Pro Tip #3: Before using your Albuterol device, make sure it has actuations remaining. To find this information, look on the back of the dispenser. Most devices have a number there inside a little window that corresponds with the number of actuations remaining. And don't forget to check the expiration date!

  • Shake the Albuterol container just prior to using it. You don't have to shake for long. A few seconds will do the trick.
  • Insert the Albuterol mouthpiece into the end of the spacer where it fits. (It will be obvious.)
  • Place the other end of the spacer into the patients mouth. Make sure he or she completely exhales first.
  • Push down on the Albuterol dispenser one time and instruct the patient to hold his or her breath for 10 seconds.
  • Instruct the patient to exhale.

Pro Tip #4: A normal dosage of Albuterol for most people is the equivalent of two inhalations.

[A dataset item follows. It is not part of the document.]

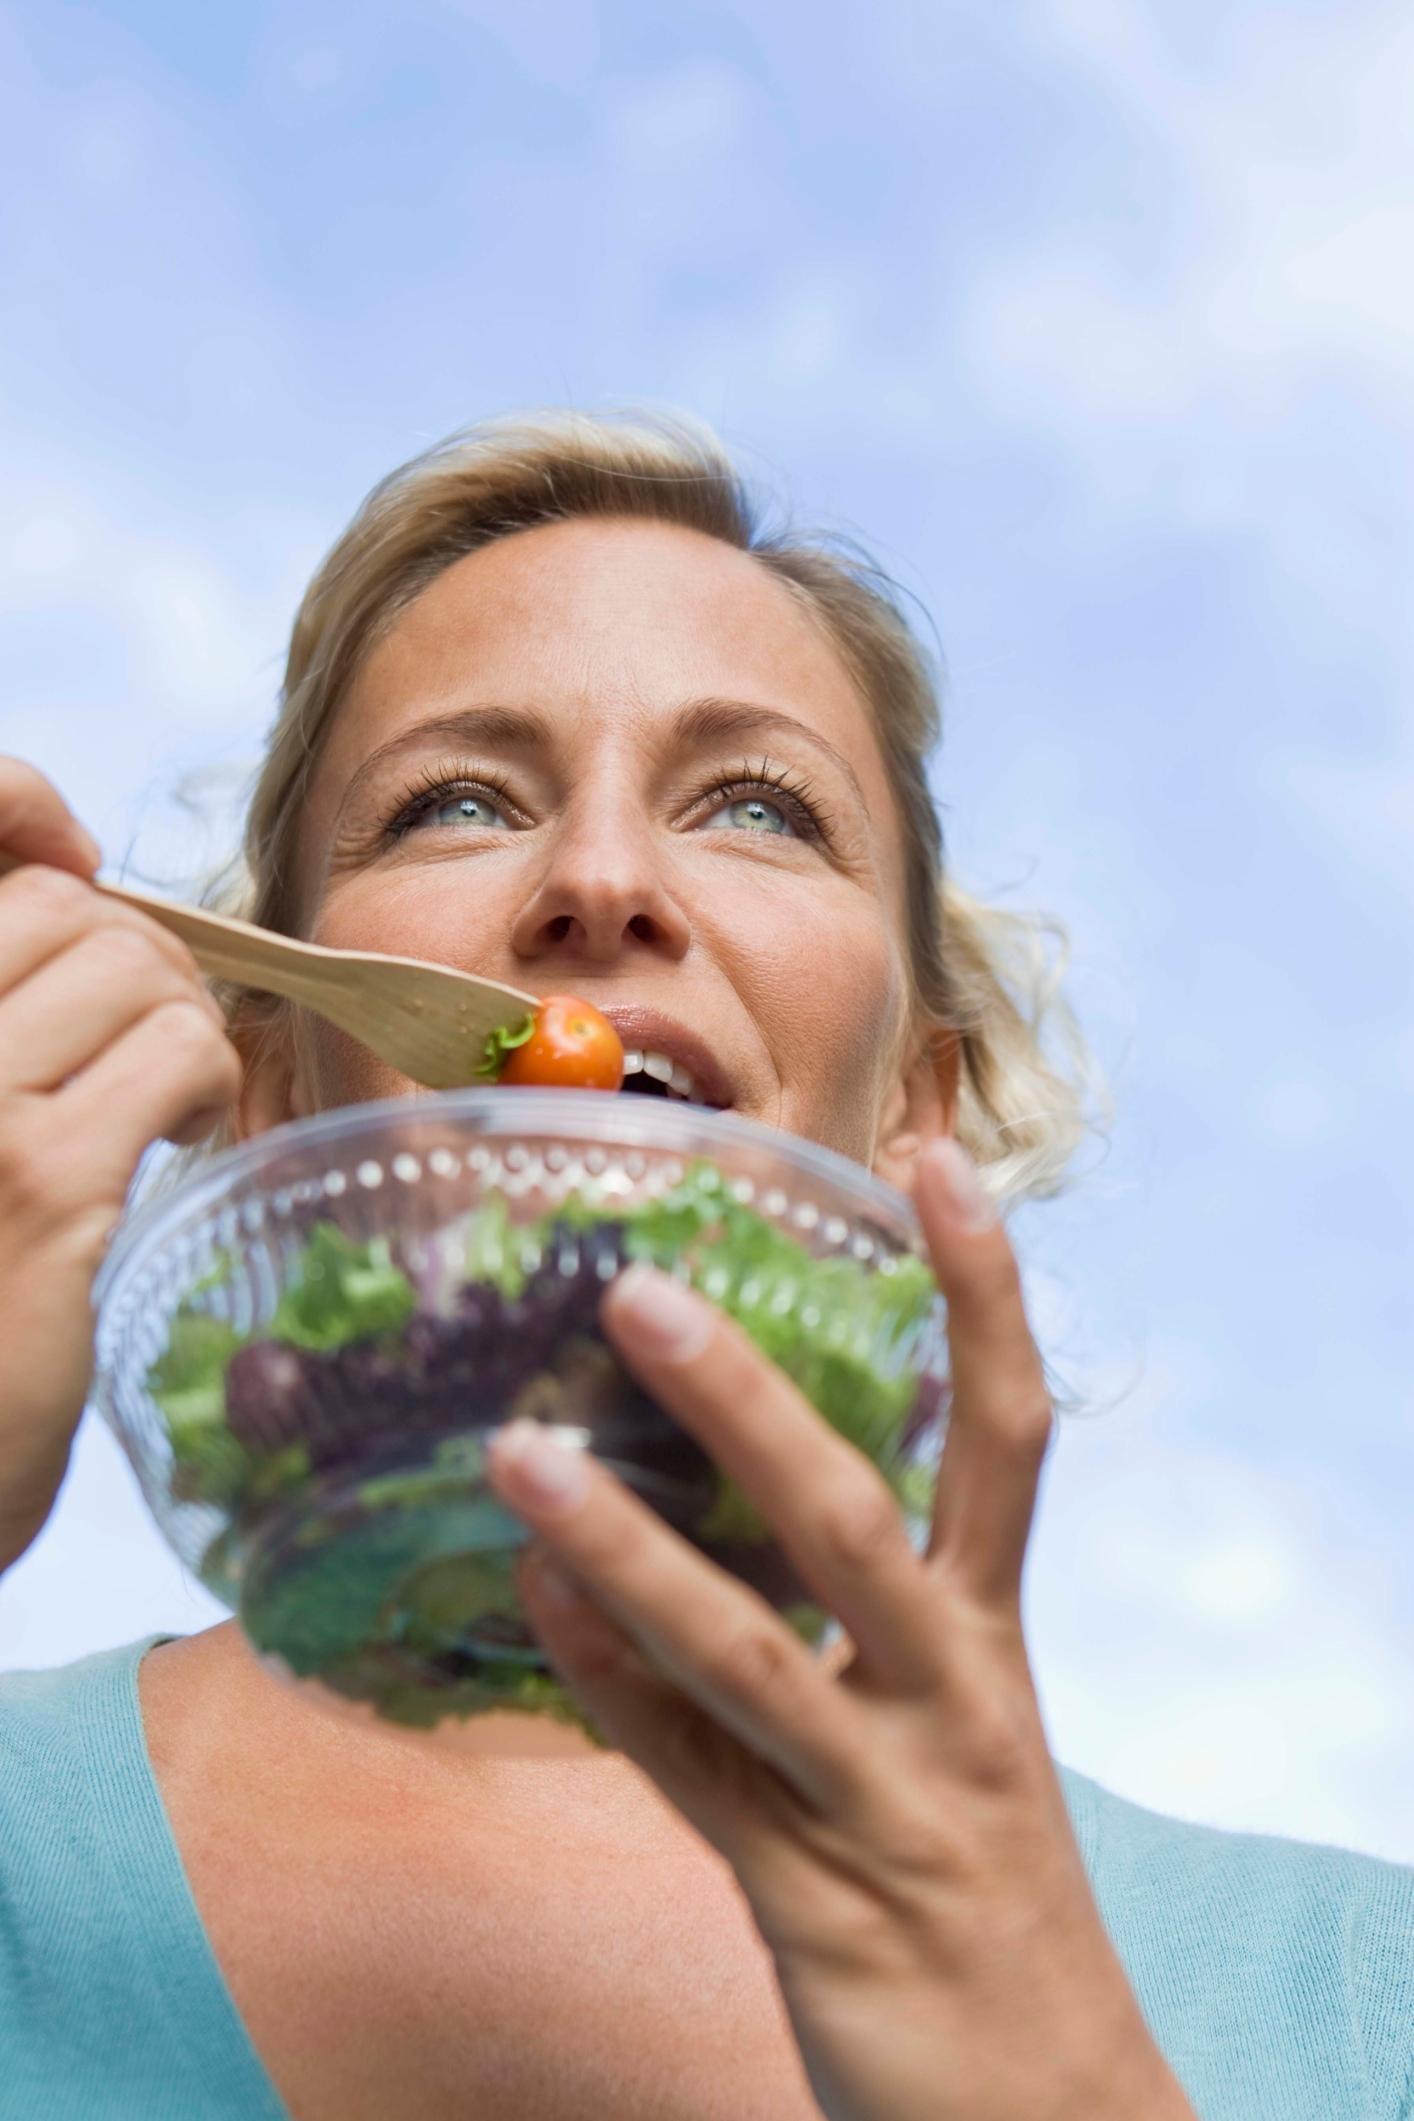 Five Foods Low In Fat & Sugar

But it still couldn't hurt to ask the patient about their specific dosage.

  • Repeat – patient exhales out all air, puts spacer into their mouth, dispense Albuterol, hold for 10 seconds, and exhale.

If the patient doesn't get relief from two injections, ask them what their prescribed amount of time is between injections and doses. If the patient is still having trouble breathing, call 911 and activate EMS.

They could be suffering from a persistent asthma attack that cannot be stopped with a simple rescue inhaler of Albuterol. Get help on the way immediately, in case the patient begins having a true respiratory emergency.

It's important to avoid assumptions that the patient will get better after administering a dosage of Albuterol. Always be prepared for anything.

A Word About Asthma Triggers

Asthma is an illness in which the airways swell. An asthma attack happens when an asthma trigger, such as exercise, cold air, allergens, or other irritants, causes the airways to suddenly swell and narrow. This makes breathing difficult, which can be very frightening.

The Centers for Disease Control and Prevention (CDC) estimates that approximately 24 million Americans are diagnosed with asthma in their lifetimes. Asthma is more common in children and young adults than in older adults, but its frequency and severity are increasing in all age groups.

You can often tell when a person is having an asthma attack by the hoarse, whistling sound the person makes while inhaling and/or exhaling. This sound, known as wheezing, occurs because air becomes trapped in the lungs.

But what exactly triggers an asthma attack?

A trigger is simply anything that sets off an attack. And they can be very different for different people. Common asthma triggers include:

  • Dust, smoke, and air pollution
  • Exercise
  • Plants
  • Molds
  • Perfume
  • Medications
  • Animal dander
  • Temperature extremes and changes in the weather
  • Strong emotions, such as anger, fear, or anxiety
  • Infections, such as colds or other respiratory infections

Usually, people diagnosed with asthma control their attacks by controlling environmental variables (exposure to those triggers) and through medication and other forms of treatment.